Well I'm sure you've already guessed the main point by now. When I was eight my mother left me alone with my father. Back then, Dad was actually a good man. I remember I would come home from school and he'd scoop me up in his strong arms and spin me around. He was handsome then too, with floppy brown hair and a soft face. But he was much weaker than I ever thought he was, because as soon as I showed him the note mom left us saying she was sorry but she had to go, he ripped it up in a rage, stormed out the door, and came home drunk off his a** late that night.Codeword: oDair
For the next few months I took complete care of him, but after a few months passed and he still wouldn't get out of bed, we were poor as dirt. I finally realized that I had better things to do with my young life than take care of him like I was his mother. If I had wanted a baby, I would have given up my virginity much earlier. So I left my father alone and ignored him. I didn't feed him, I didn't wash him, I did nothing. And one day he just got out of bed, went to the cupboard, and got a piece of bread. From then on he would do everything for himself...but nothing for me.
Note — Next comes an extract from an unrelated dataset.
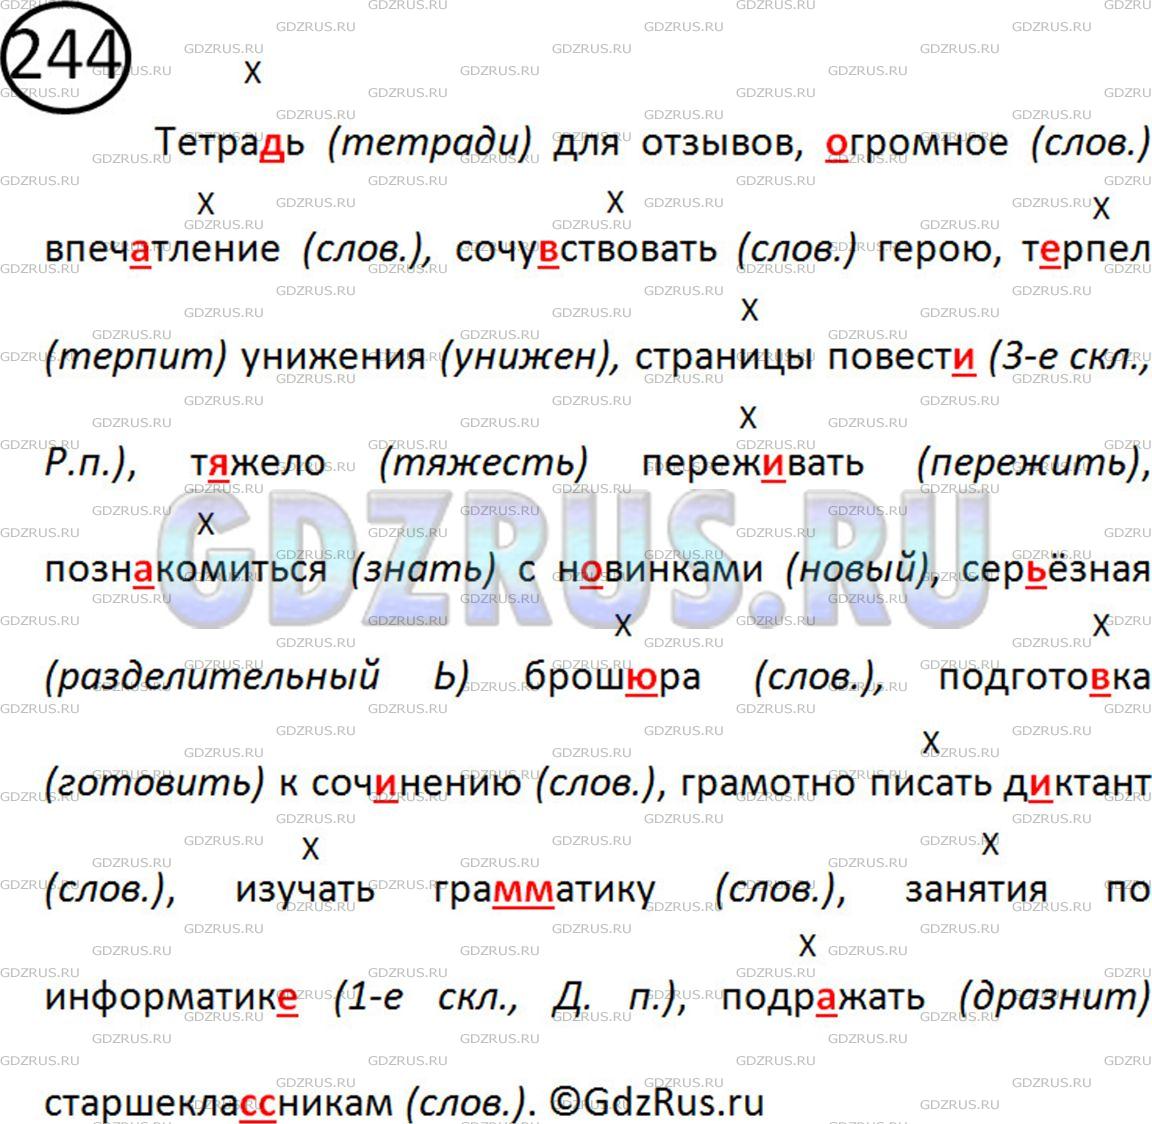 Фото решения 2: Номер №251 из ГДЗ по Русскому языку 5 класс: Ладыженская Т.А. 2019г.

And he still came home drunk as a horse.
My life before Mom left was actually a nice one. She would hold me close and love me, and my father would tell me beautiful stories. But even before Mom left we were still pretty poor. My father worked in the fields, and my mother worked at a failing book shop. I wasn't too surprised when the shop went out of business, seeing as few people in eleven can actually read. I guess it must have been that shop closing down that caused Mom to finally break and leave us. And after that everythign just went to hell...
In short, my life has been one long tragedy. I had a beautiful mother, father, and life, but that's all been taken from me. I have no friends, no real parents and no one to love...and I'd really like that to change.